Distribute Parse Trees, Not Bytecode

Chip Morningstar chip@communities.com
Tue, 22 Jun 1999 22:50:17 -0700 (PDT)


Ping sez:
>Here's my reasoning.  In order for the code to be verifiable, it
>must be reasonably readable to a person.  If you distribute byte
>code or object code, that makes it very difficult for someone to
>read and check for security properties.  One could decompile the
>program, but the decompiler may not produce the clearest source
>code, and the complexity of a decompiler presents an opportunity
>for error.  So, byte code is probably not a good idea.  The closer
>we can get to the original source code, the more we can expect the
>reader and the programmer to be talking about the same thing.

[+] A good parse tree representation would also let you keep comments and
source text formatting information.

>What we need is a format which avoids the entire compilation
>expense, represents the program compactly, yet still provides the
>ability to *present* the code as source.  And so the answer is to
>distribute signed parse trees (or, if you like, signed compressed
>parse trees).  This lets execution hosts skip a large chunk of the
>compilation cost, but still allows the runner of any program to
>see exactly the same source that the programmer wrote.  The
>machine running the program still has to emit code for it, but
>lots of implementations already do this work in a JIT anyway.
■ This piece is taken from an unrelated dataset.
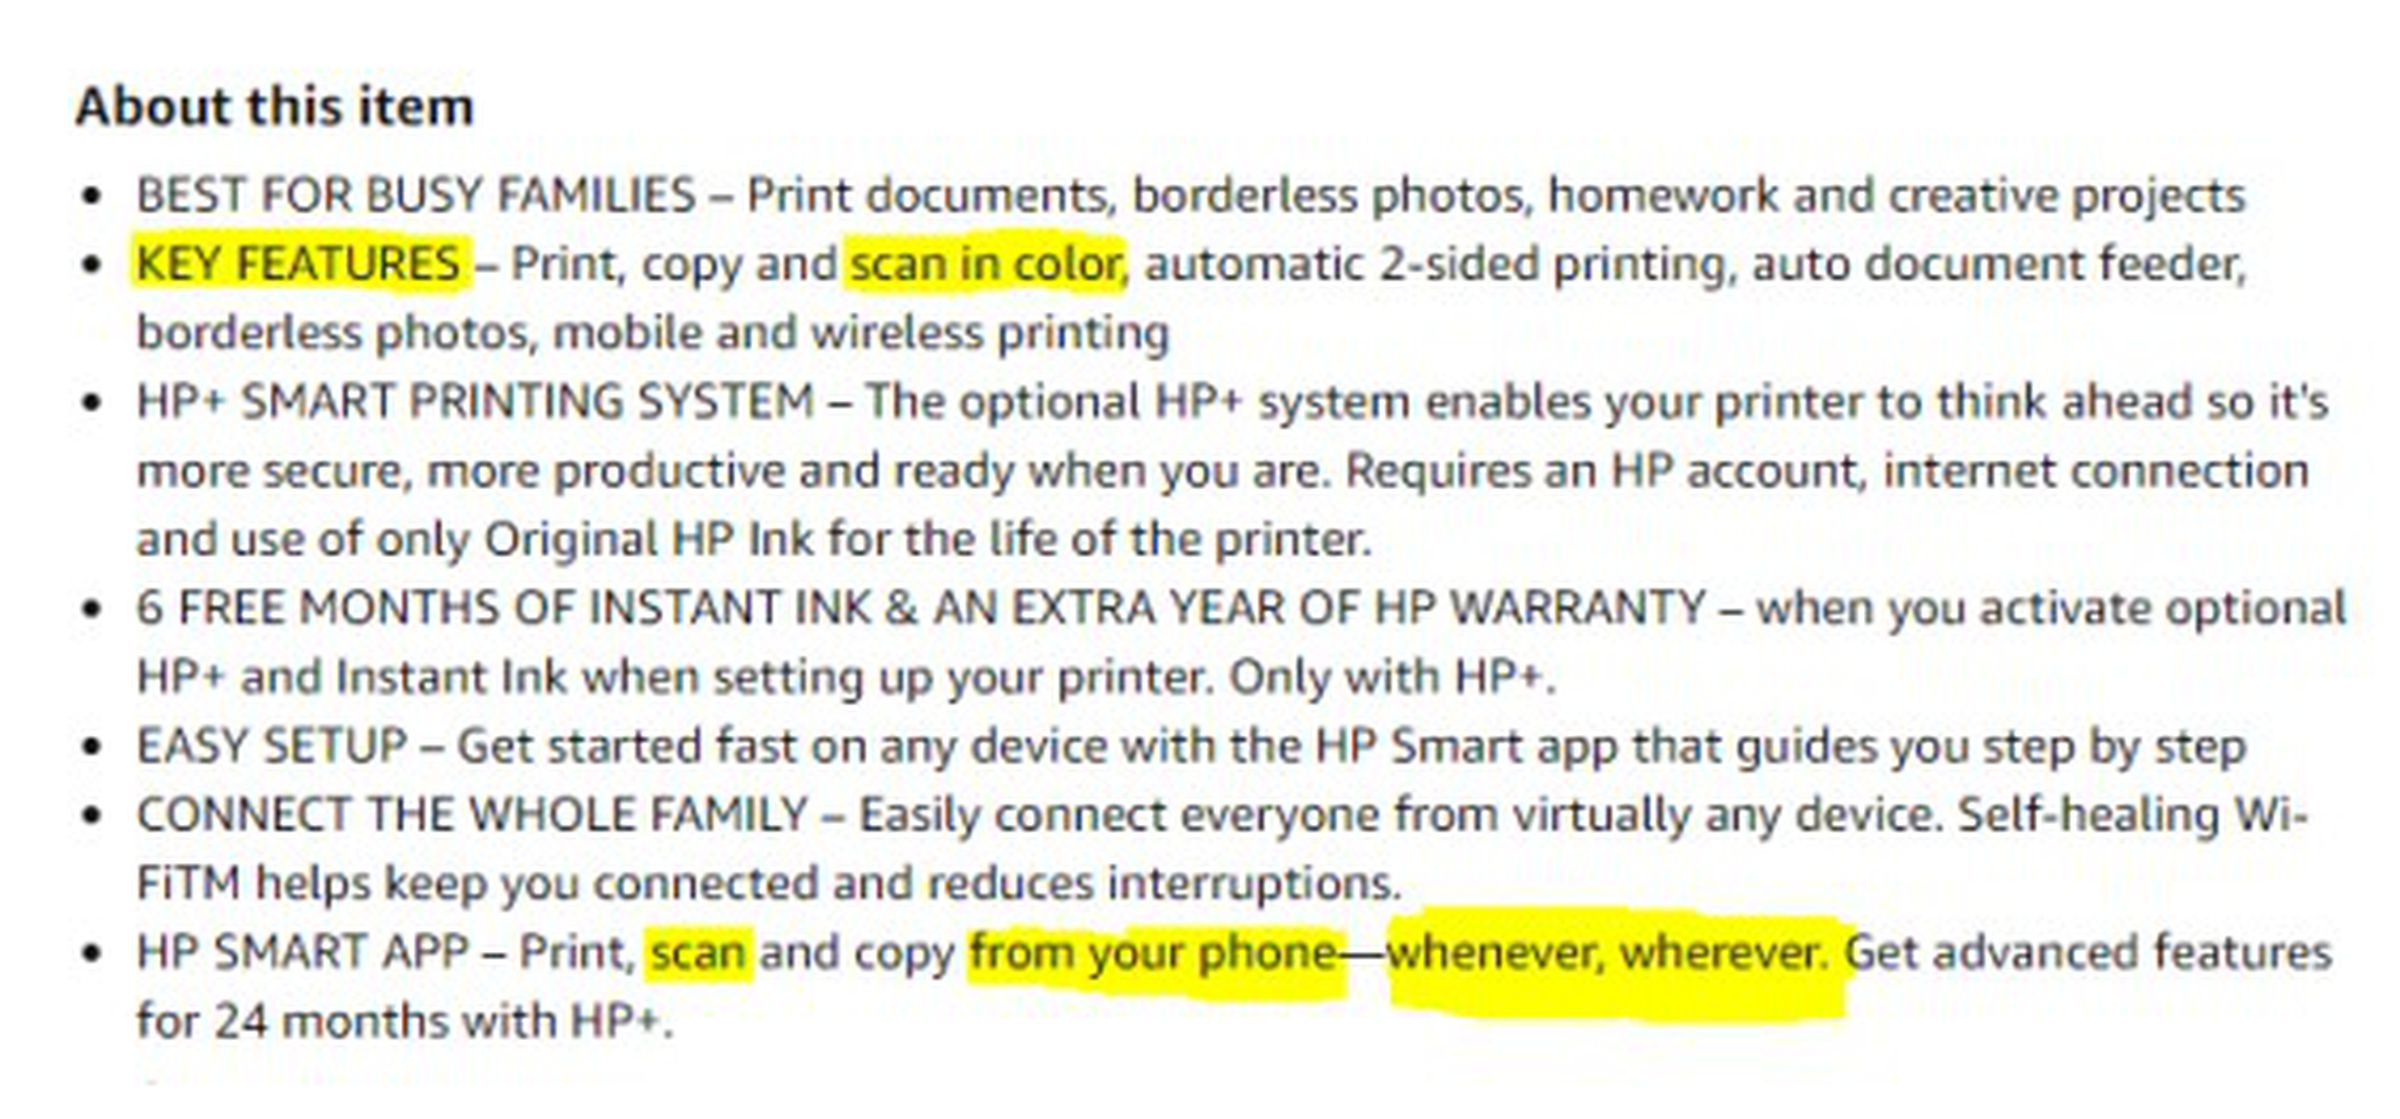 “Print, scan and copy from your phone—whenever, wherever.”

[+] My experience has been that parsing is by far the most expensive
compilation step. I can imagine extremely compute-intensive code optimizers
that do all kinds of hairy wacko data flow analysis, but those kinds of things
can be done after the code is already running, so they aren't on the critical
path. Of course, it's also my experience that genuine optimizing compilers (as
opposed to the ones that just say "optimizing" on the box) are mainly urban
legend -- everybody swears they have a friend who knows somebody who has used
one, but they actually have the same ontological status as satanic cults and
alligators in the sewer.

>It is also likely, as i believe MarkM has previously argued, that
>there is no performance benefit to be gained from bytecode since
>the target machine, with its platform-specific knowledge, will
>likely do a much better job of optimizing the run-time code than
>the bytecode compiler can.

[#] One great virtue of a bytecode machine is that (assuming the architecture
is not completely stupid) you can port a (non-optimizing) VM easily. However,
creating a VM around a parse-tree code representation is just as easy.

>Death to the VM, then?

[-] No, the VM just becomes more loosely coupled to the language. A VM is still
useful as a reference implementation of the semantics and as a way to make the
runtime quickly and easily portable.